VRODE EN TANT QUE PRÉPOSITION LIÉE À L’APPROXIMATION

4.2. Exemplification extensionnelle

4.2.1. Y est une sous-classe, obtenue par partition de la classe posée dans un premier temps

Ce groupe de contextes réalise pleinement et d’une façon assez nette l’idée « X est un spécimen de

Y ». Mais cette mise en rapport de Y avec X et l’absence de travail intensionnel sur Y peuvent se réaliser de différentes façons, selon les contextes. Le terme syntaxique correspondant à Y peut n’avoir aucun statut intensionnel, ou peut être associé à une notion.
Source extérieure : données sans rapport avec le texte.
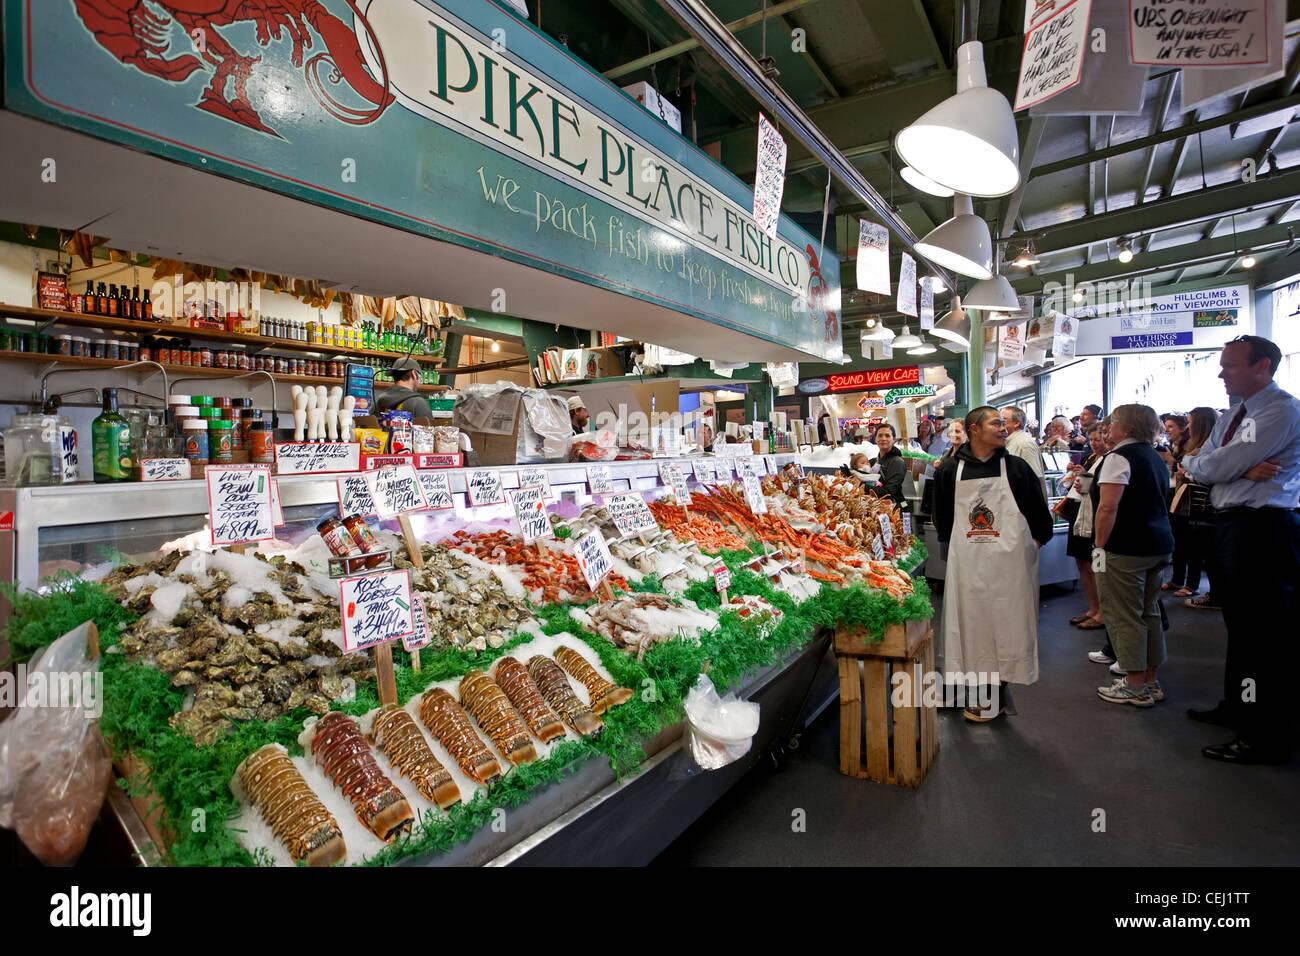 Fish Markets In West Island

Dans les contextes de type « exemplification pure », Y renvoie à une simple pluralité de termes sans aucune définition notionnelle indépendante du prédicat principal, ce qui semble correspondre à une certaine « insuffisance sémantique » de Y. L’opération donne une image selon laquelle X ne fait que redire, d’une certaine manière, ce qui est déjà subsumé par Y.
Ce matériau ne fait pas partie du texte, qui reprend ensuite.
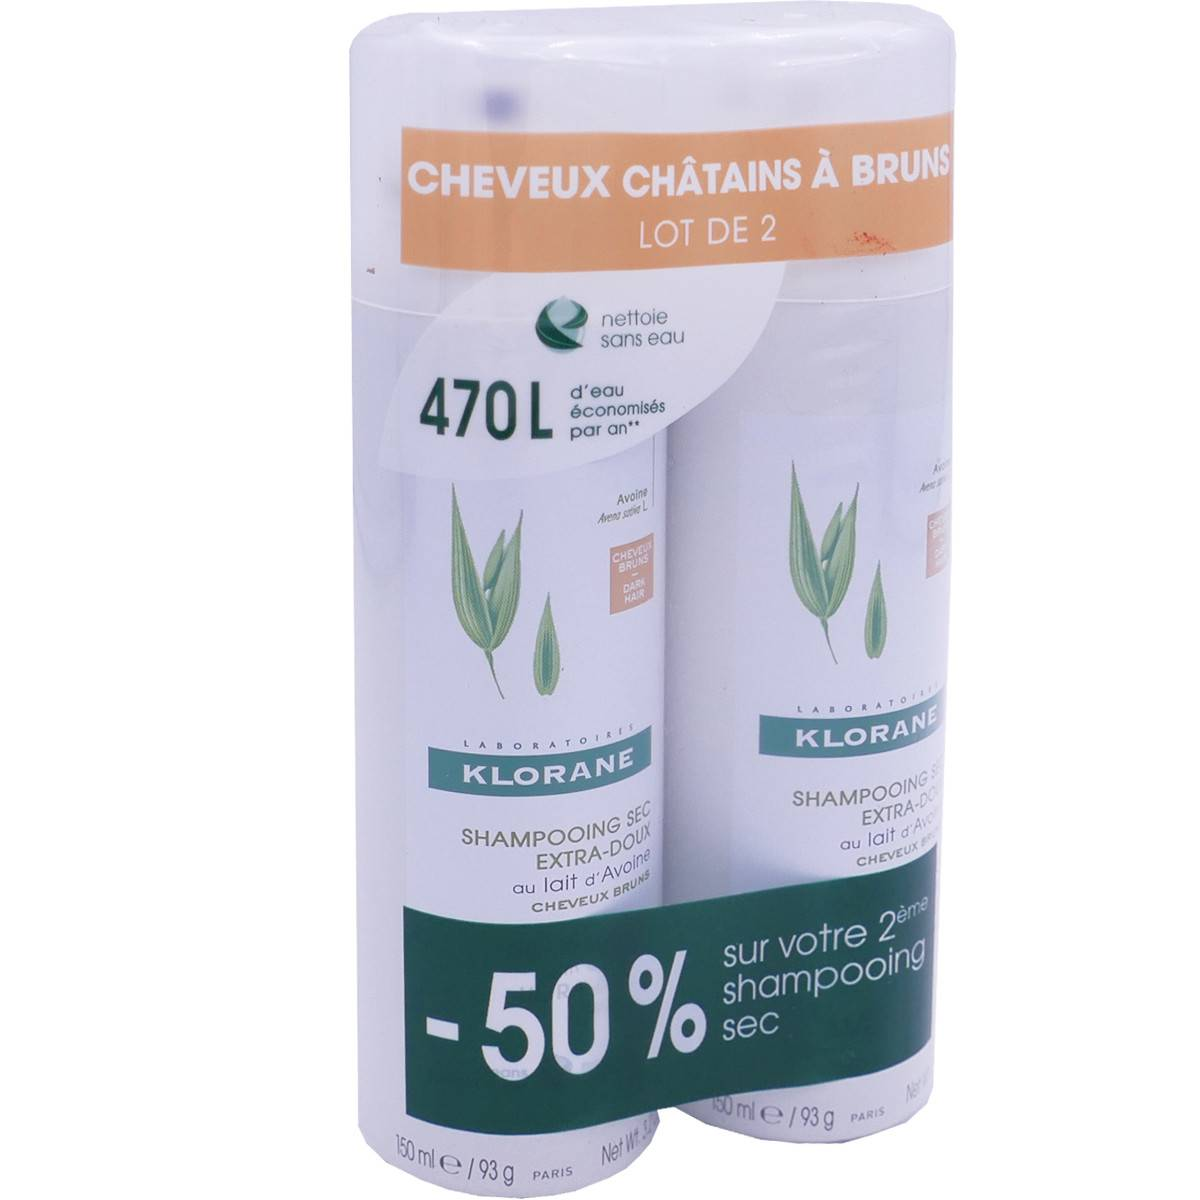 Klorane shampooing sec 2x 150 ml cheveux chatains a bruns

Mais en réalité, X n’est pas redondant, il apporte du nouveau : ce qui est nouveau, c’est l’existence de Y qui est donnée à travers X (alors que dans 4.1, l’existence du rapport Y / X constituait souvent un présupposé). On distinguera deux sous-groupes, selon que le terme syntaxique correspondant à Y a une définition notionnelle indépendante ou non.

D’abord, voyons les cas où Y (exprimé par un pronom indéfini au pluriel) est une classe définie par simple division d’occurrences par rapport à la propriété liée au prédicat principal. Y n’est associable à aucune négativité. L’existence de X n’est pas inattendue. Dans les contextes d’exemplification pure, Y est le sujet syntaxique, exprimé par un indéfini (ou un autre mot sémantiquement « pauvre »). X correspond habituellement à un nom propre. Cf. :

(20) (Une équipe de charpentiers n’est pas d’accord avec la rémunération des travaux effectués)

- Ja im spravoþnik pokažu, - s javnoj ugrozoj govoril brigadir, suxoj mužik, ves’ þërnyj ot solnca. - Ja ix nosom tknu, gde napisano þërnym po belomu : kakie raboty plotnickie, a kakie stoljarnye. Oni že ni bum-bum v ètom.

Vse byli soglasny s brigadirom. Bolee togo, vse byli vozmušþeny, a inye, vrode Kol’ki Zabalueva, daže oskorbljalis’ i grustno, gor’ko vzdyxali. (ŠukR : 426)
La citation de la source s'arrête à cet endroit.